Just as in any other field, the use of machine learning in financial econometrics is closely associated with ethics, fairness, and safety. Using these models without care can cause negative spillover effects, causing irreparable harm to society. Similarly, adversarial attacks on machine learning systems operating in the financial and econometric fields can wreak havoc on the economy. It is therefore crucial that machine learning systems in financial economics be built and deployed with the utmost care to ensure safety and fairness.
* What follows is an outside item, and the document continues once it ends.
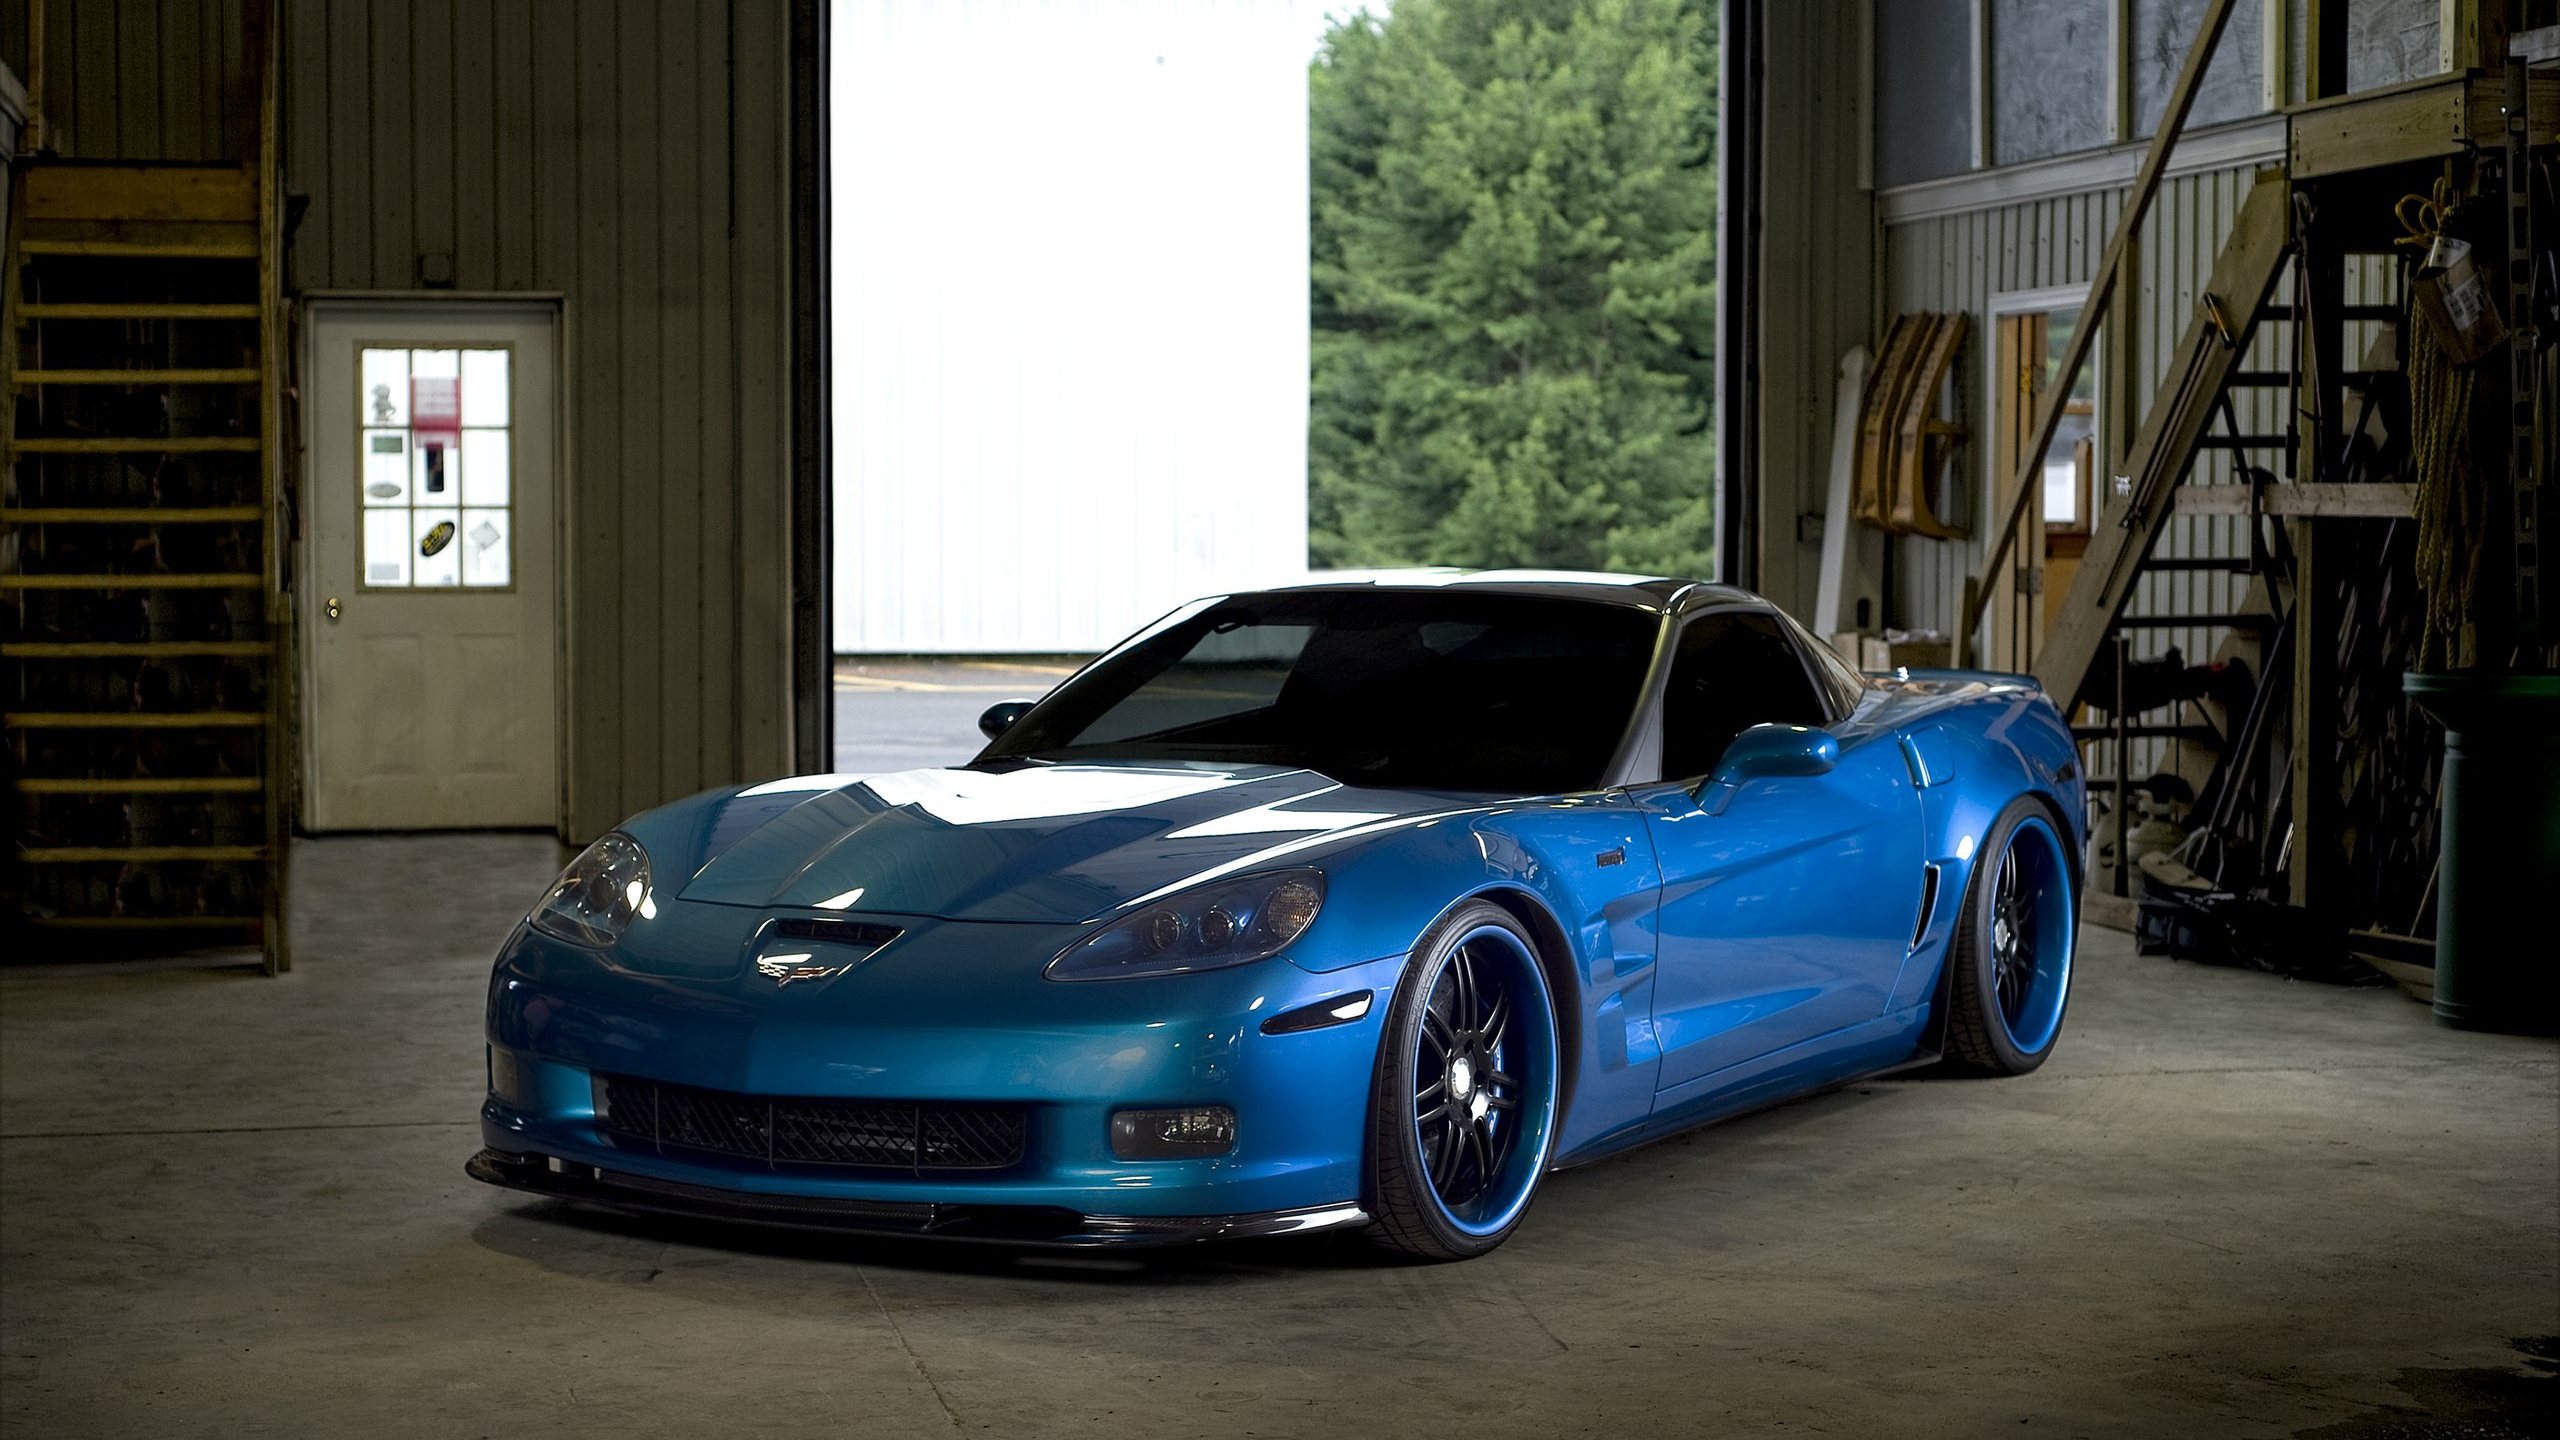 Синий Chevrolet Corvette в гараже дома.
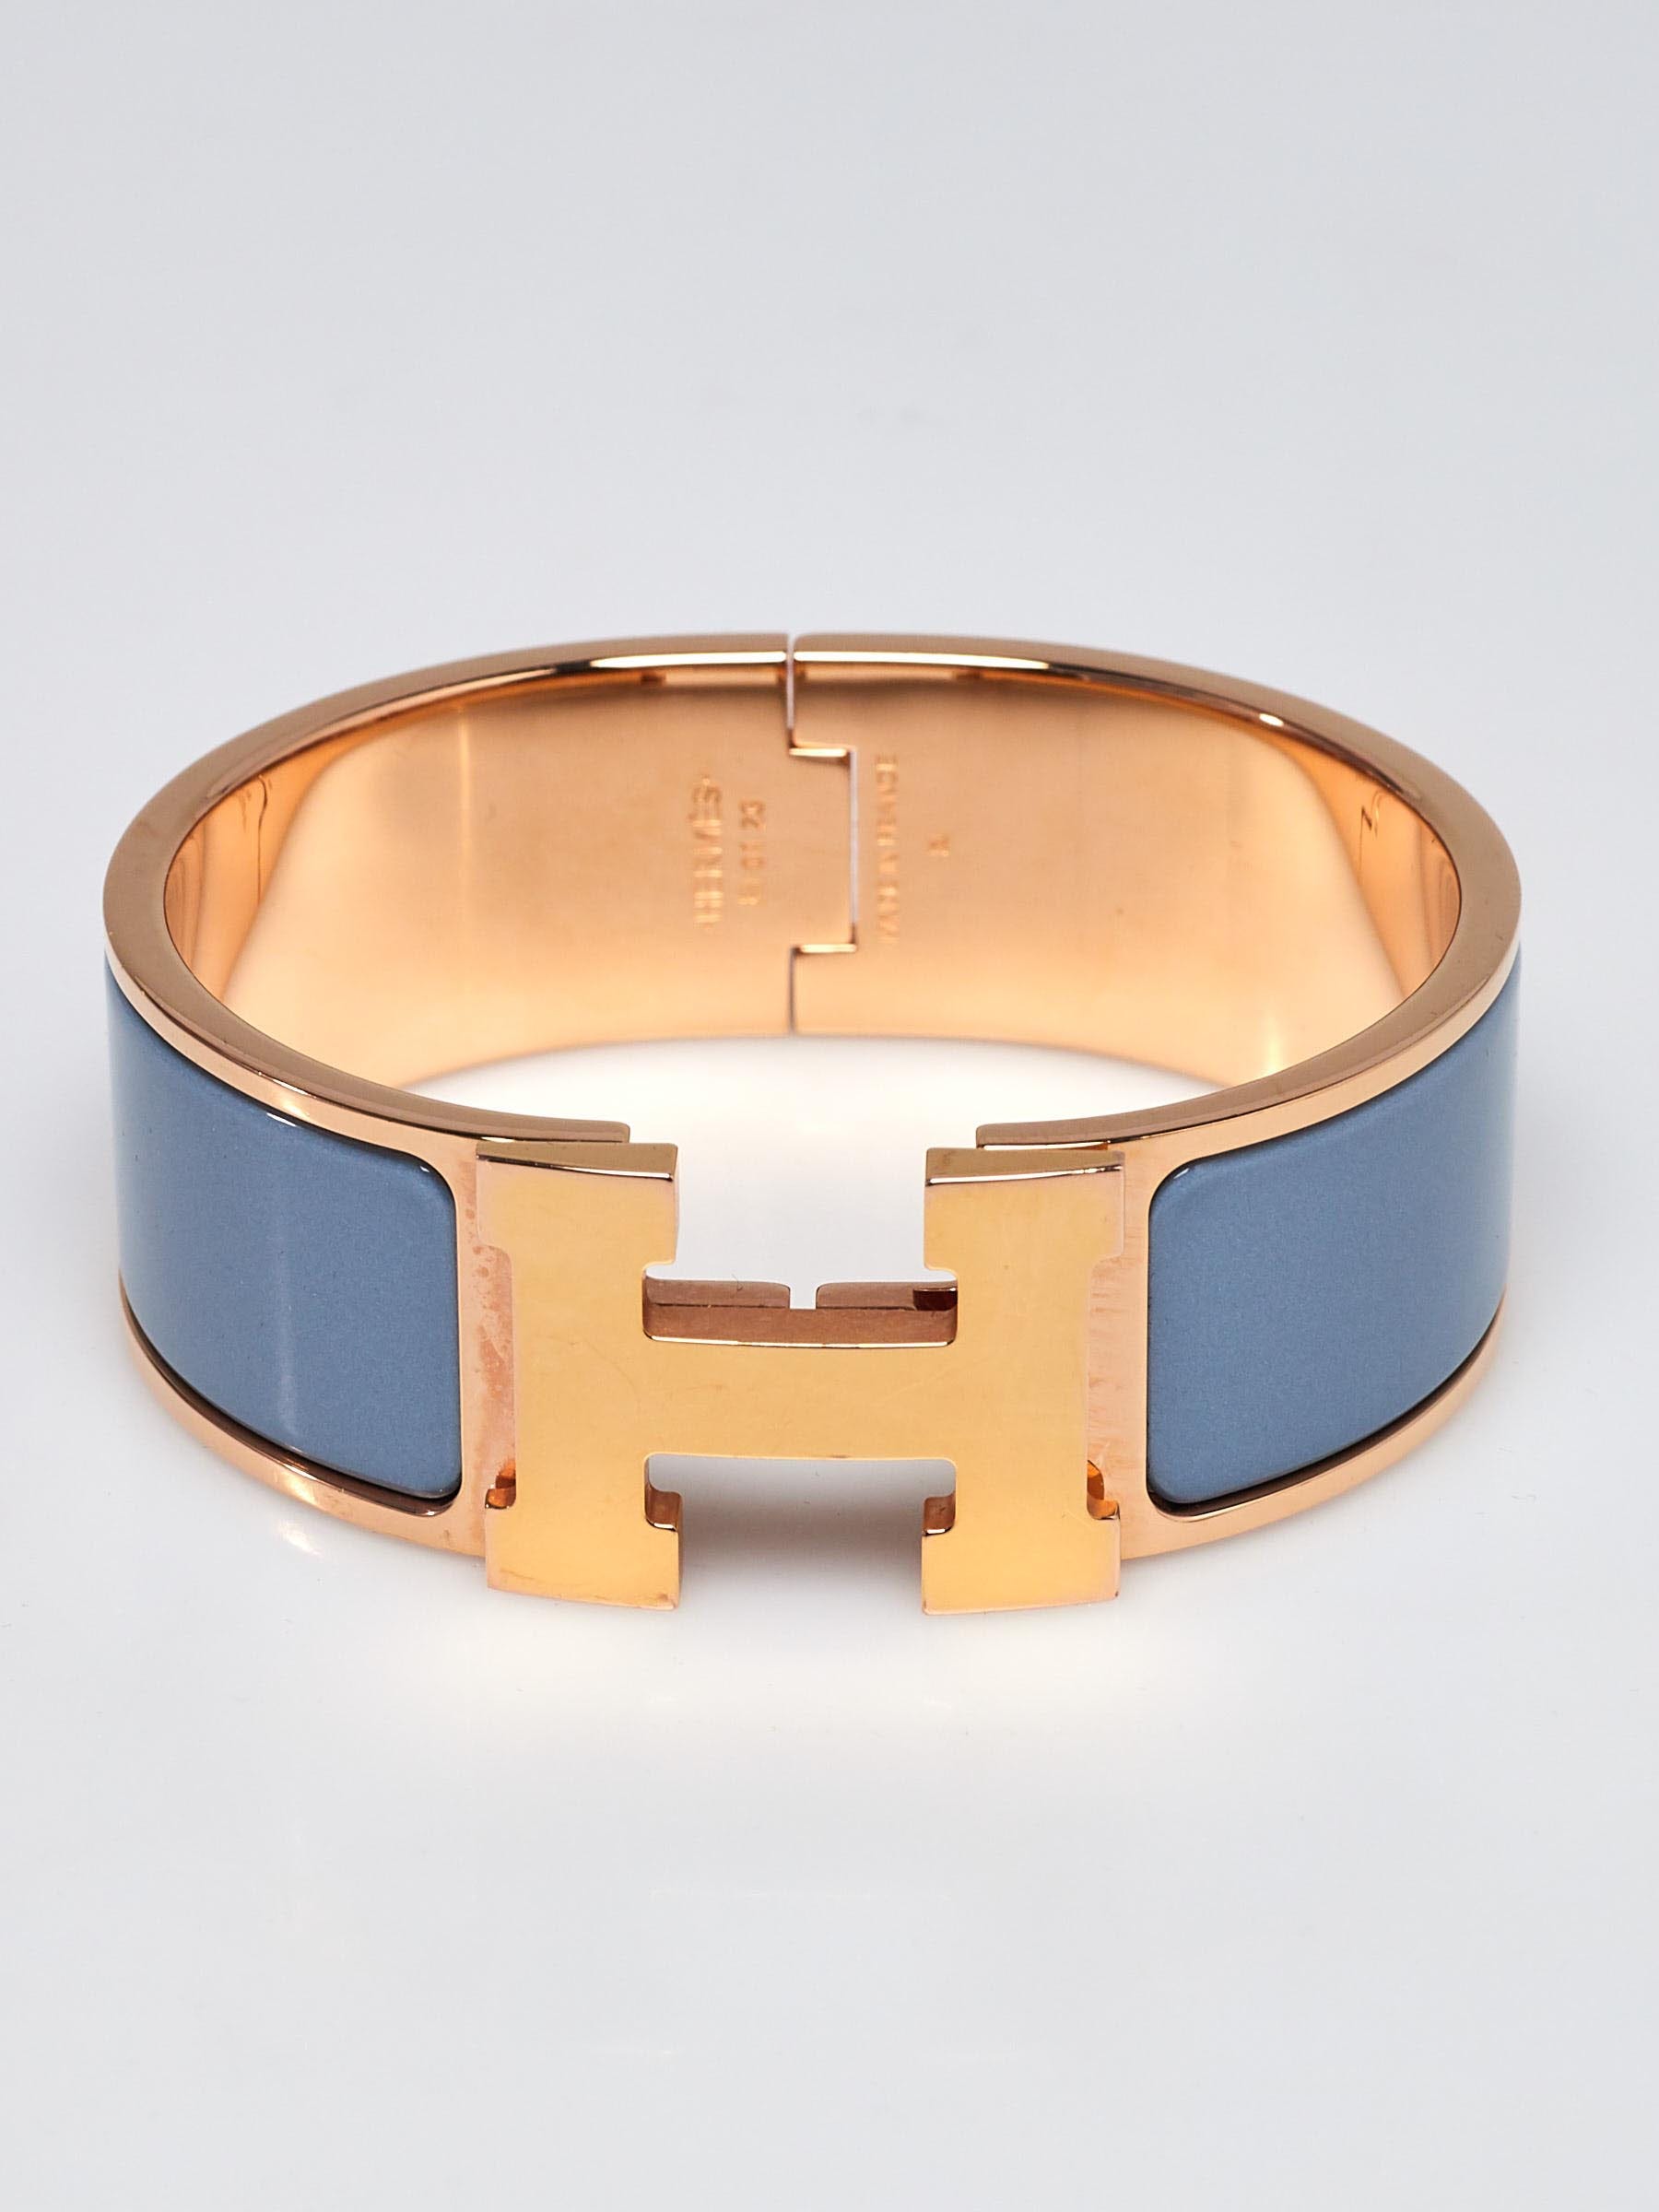 Hermes Clic H Blue Enamel Bracelet

Much research needs to be devoted to the ethical use of ML.
In closing, the recent literature on the application of ML methods to asset pricing has accelerated over the past two years, surpassing the number of articles published in the previous nine years. This paper provides a comprehensive, transparent, and objective bibliometric assessment of the recent literature and identifies trends in computational algorithms using Web of Science survey data for the period 2011–2022. The paper also links this review to the previous literature with minimal overlap, thus complementing other published review articles. Given the fast evolution and diffusion of ML methods in other disciplines, and the documented success in prediction problems, one salient challenge that remains for future research in financial econometrics is an improved integration of economic theory and big data that leads to a better understanding of the results generated by machines. The top and other papers cited in this review provide a conic view of the methods and practices that will contribute to moving researchers in that direction.